DATASET EXTRACT>
= Beginning of Section =
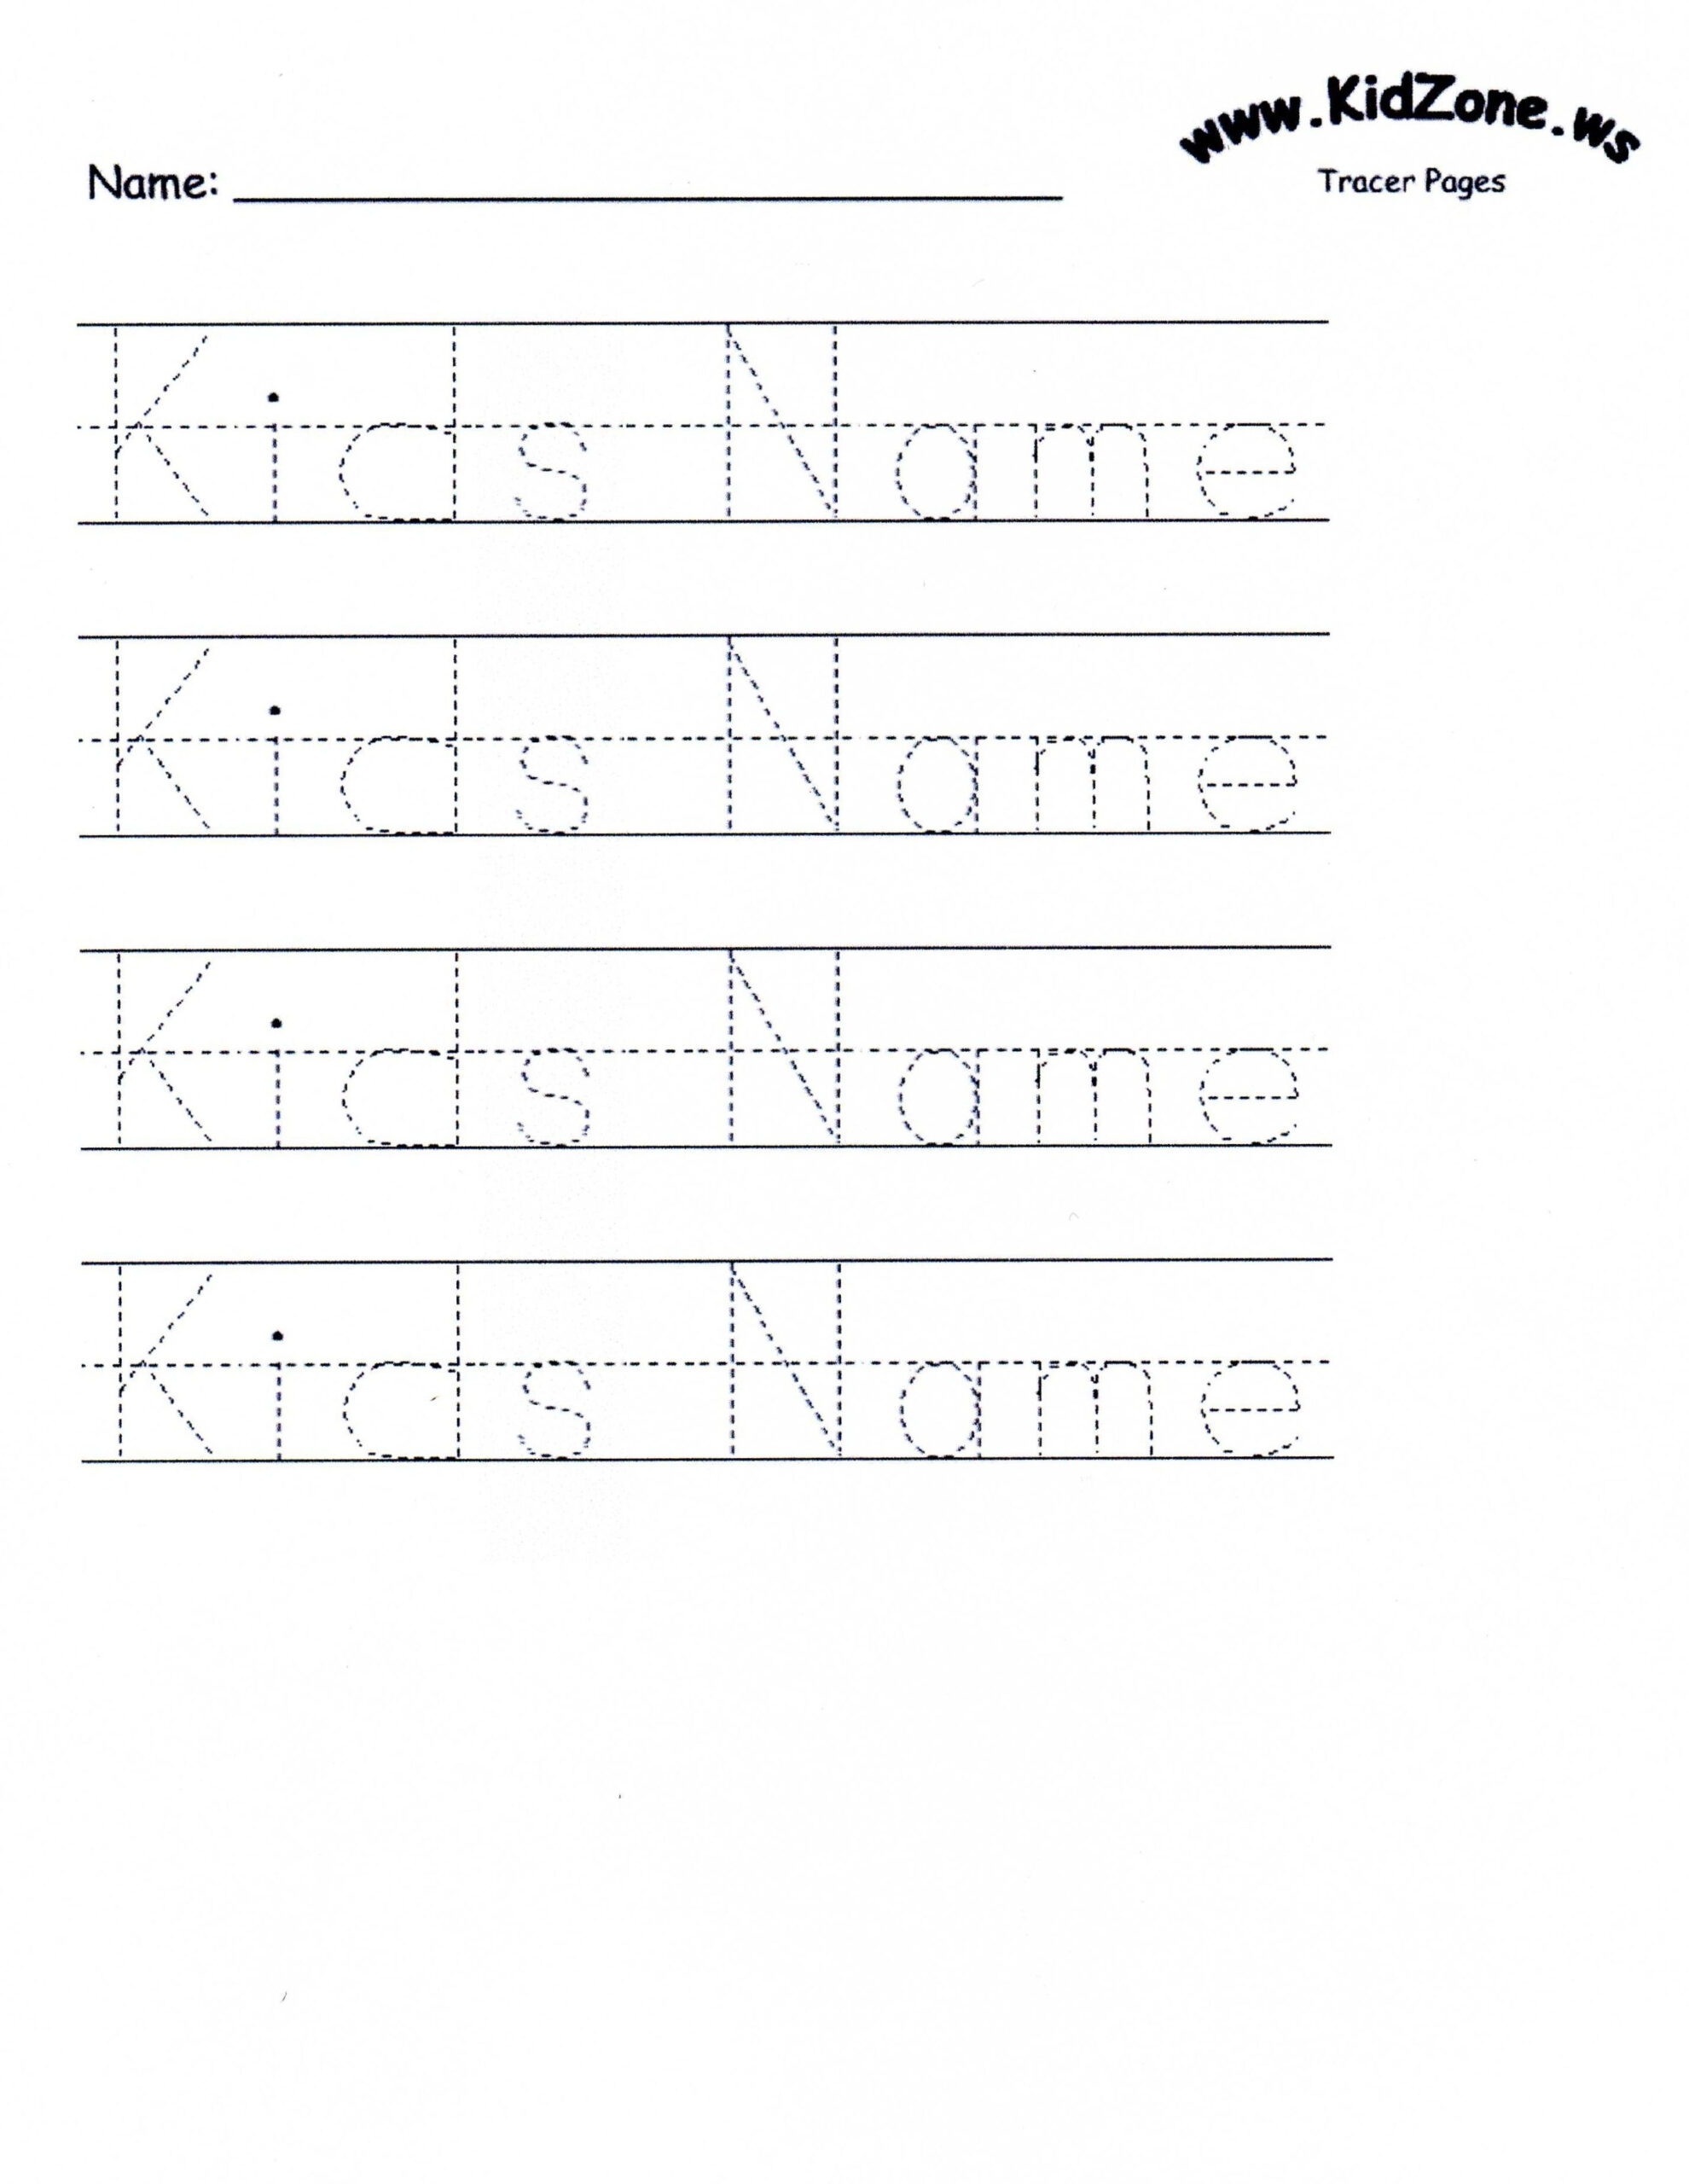 Customizable Printable Letter Pages | Name Tracing inside Kidzone Name Tracing
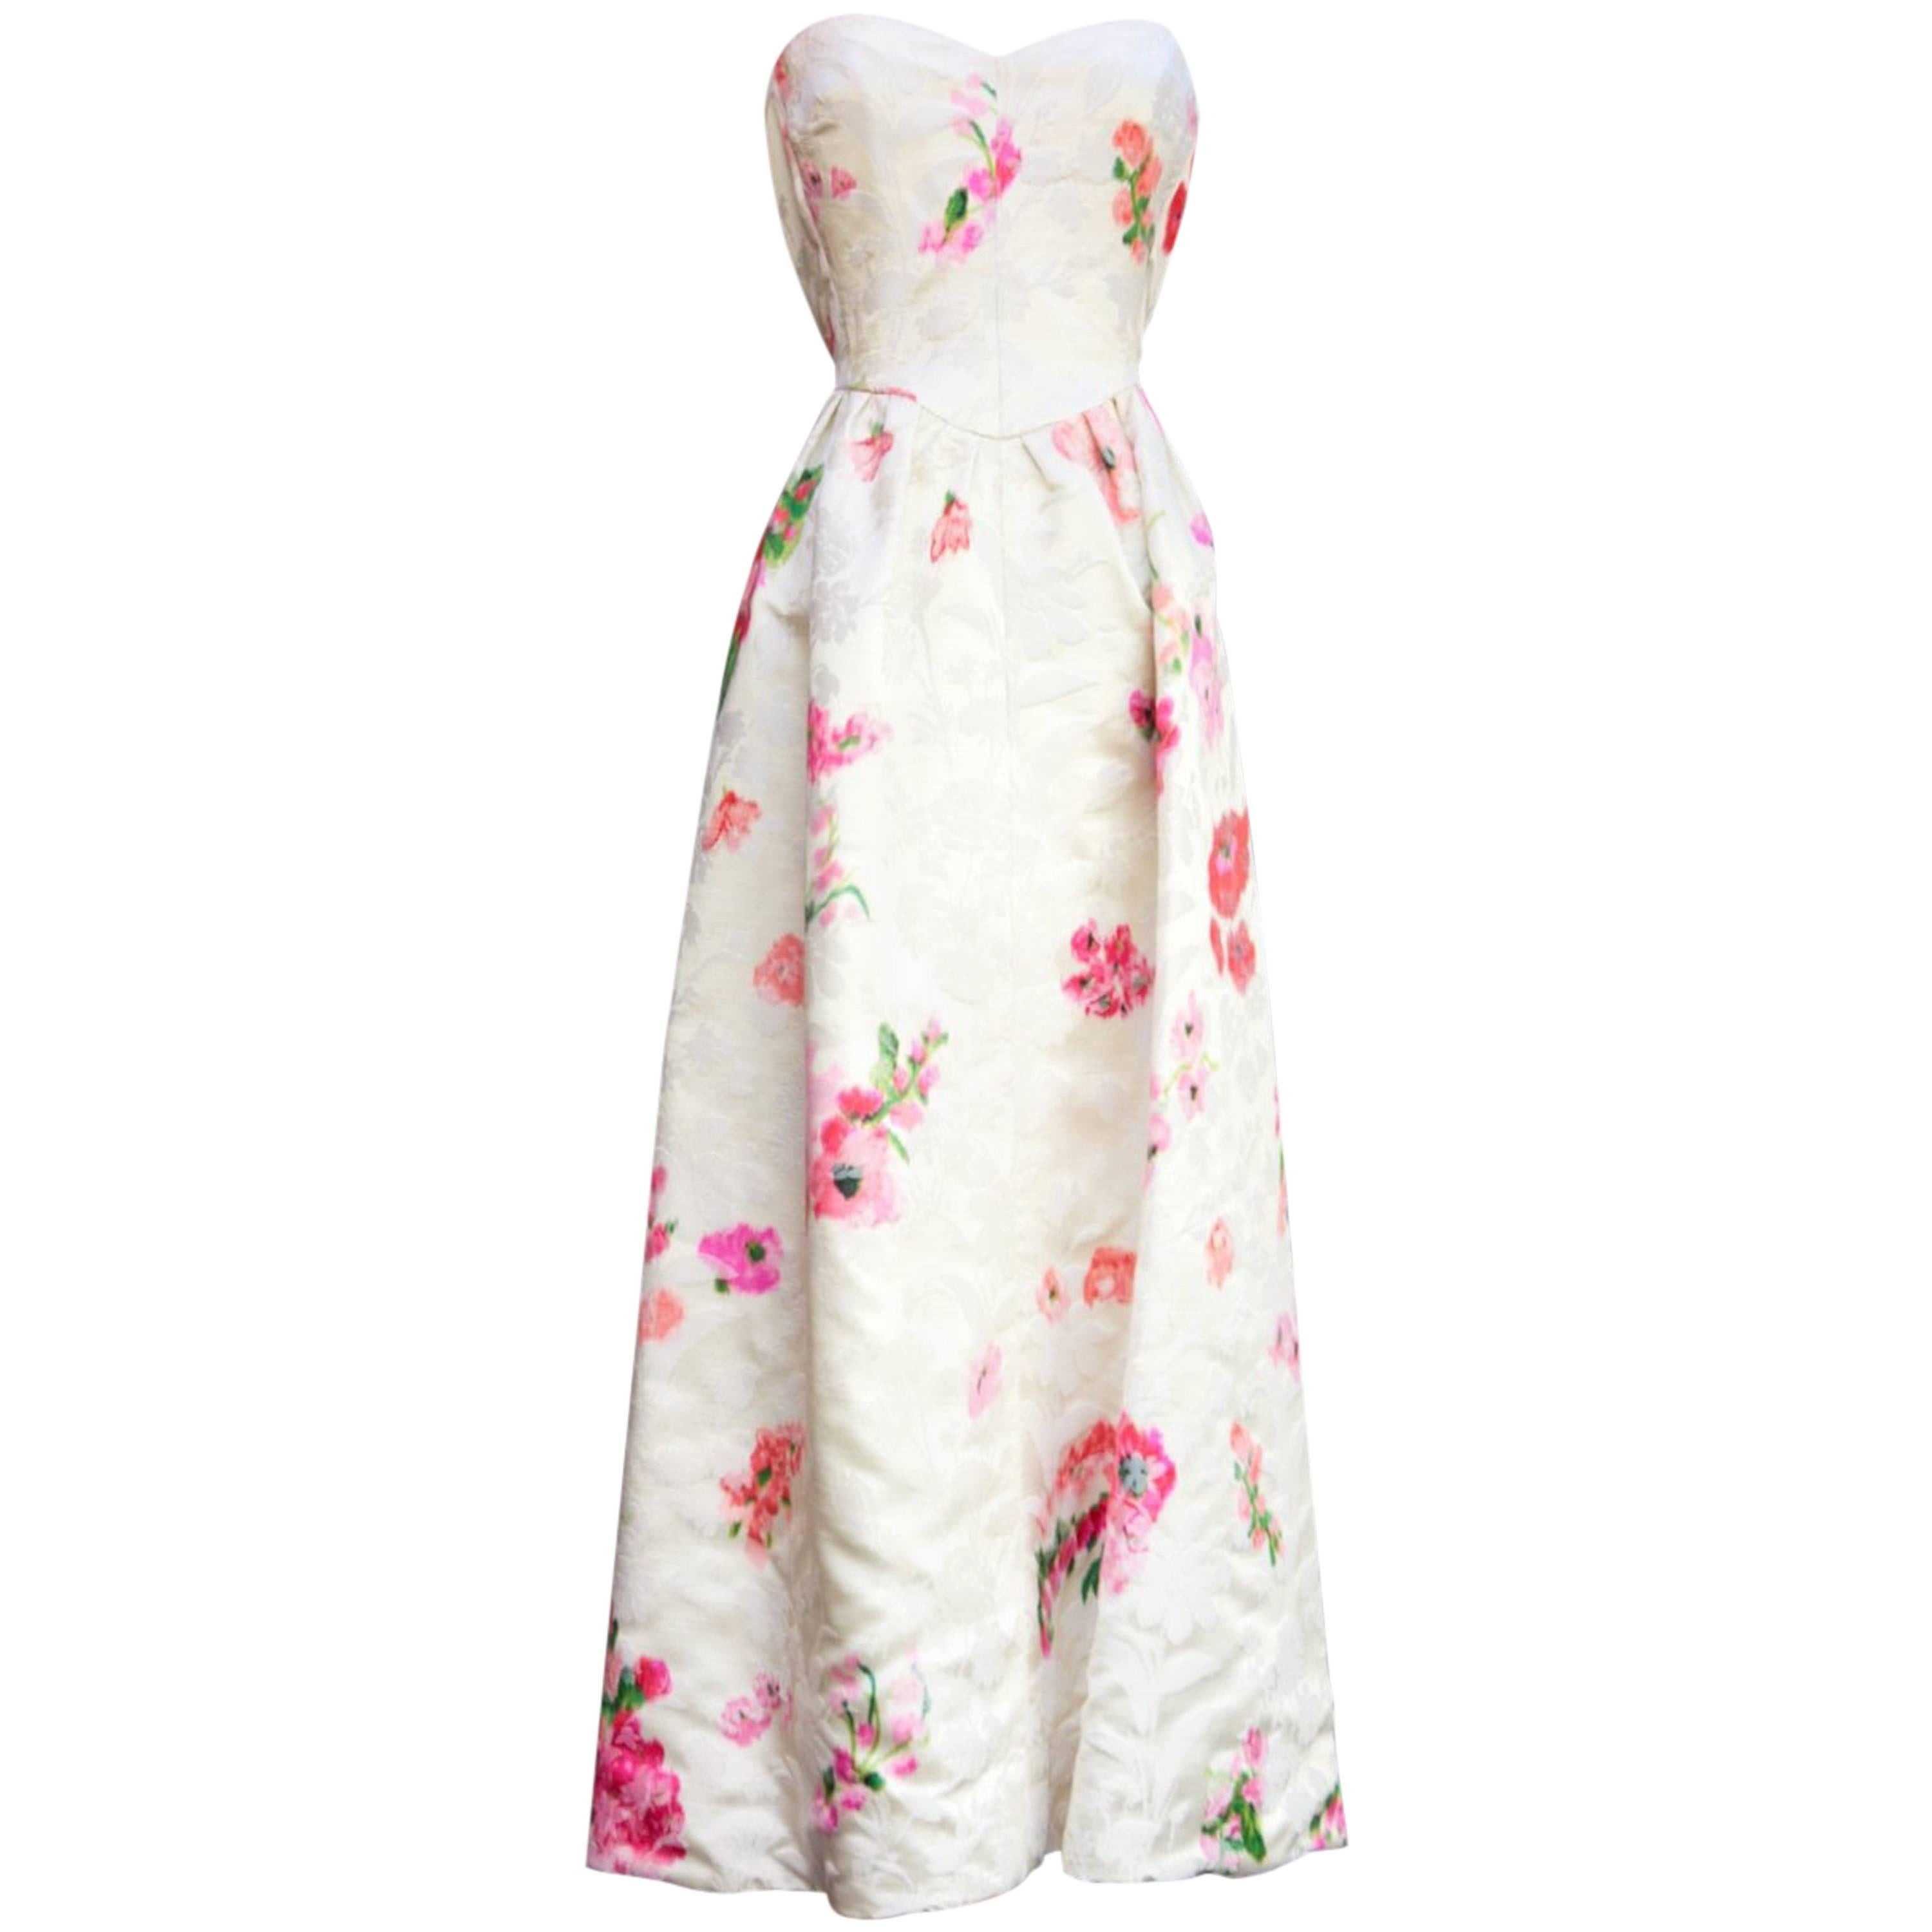 Nina Ricci Haute Couture long white bustier dress with pink flowers
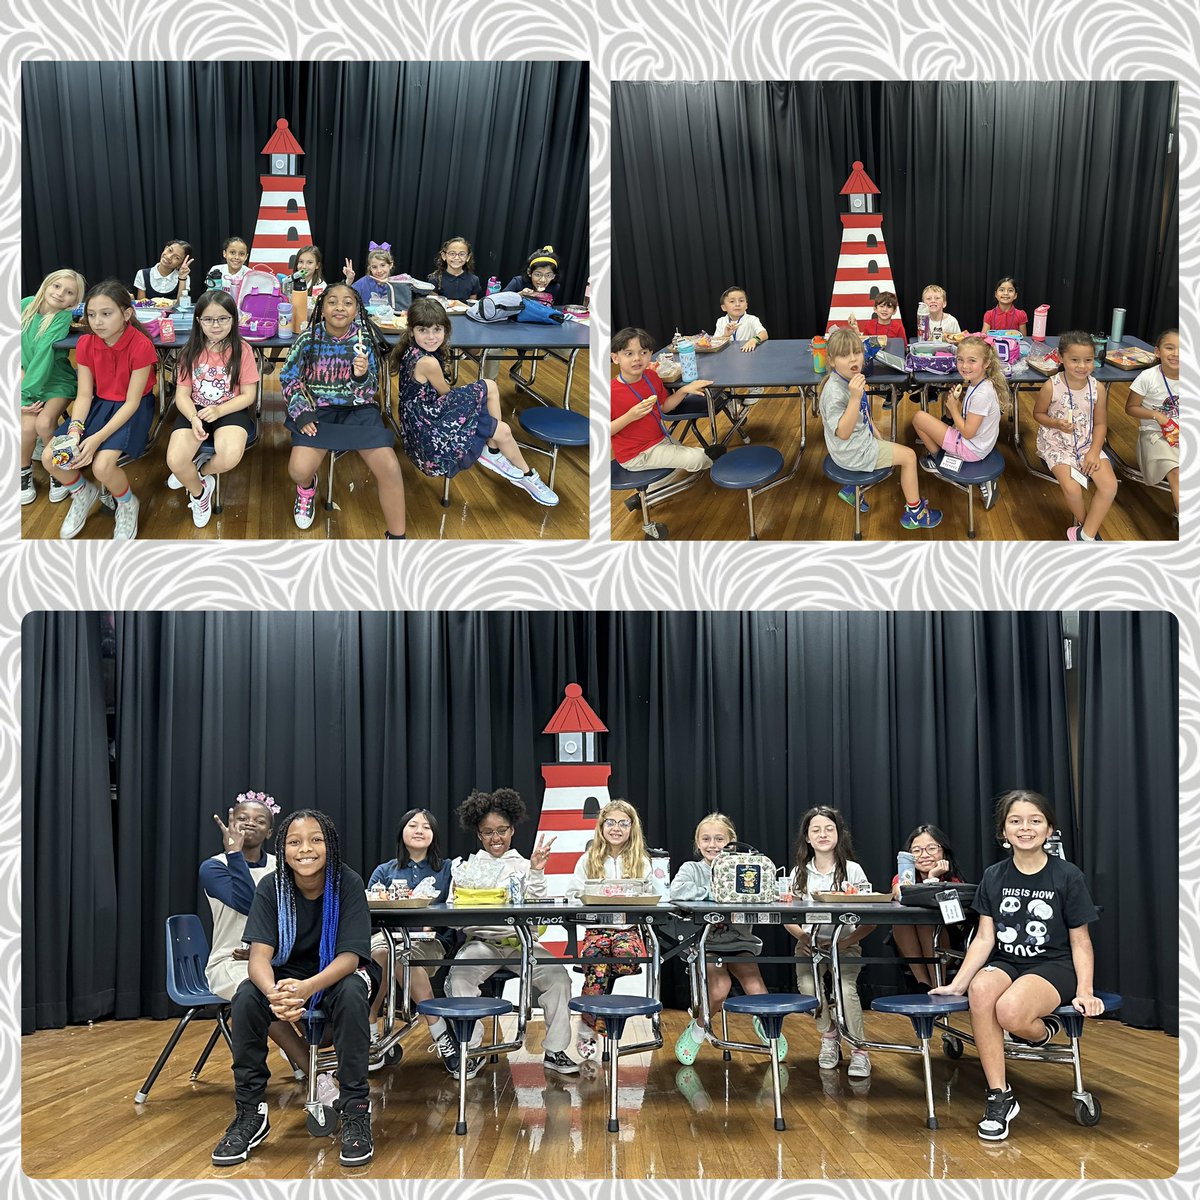 Today we kicked off our lunch incentive with these winners! Lunch on the stage! Keep up the great work! @HillsboroughSch #Riseupregion2 @HCPSElemRegion2
= End of Section =
Set down the material above exactly. Skip any picture.

 Customizable Printable Letter Pages | Name Tracing inside Kidzone Name Tracing
 Nina Ricci Haute Couture long white bustier dress with pink flowers
 Today we kicked off our lunch incentive with these winners! Lunch on the stage! Keep up the great work! @HillsboroughSch #Riseupregion2 @HCPSElemRegion2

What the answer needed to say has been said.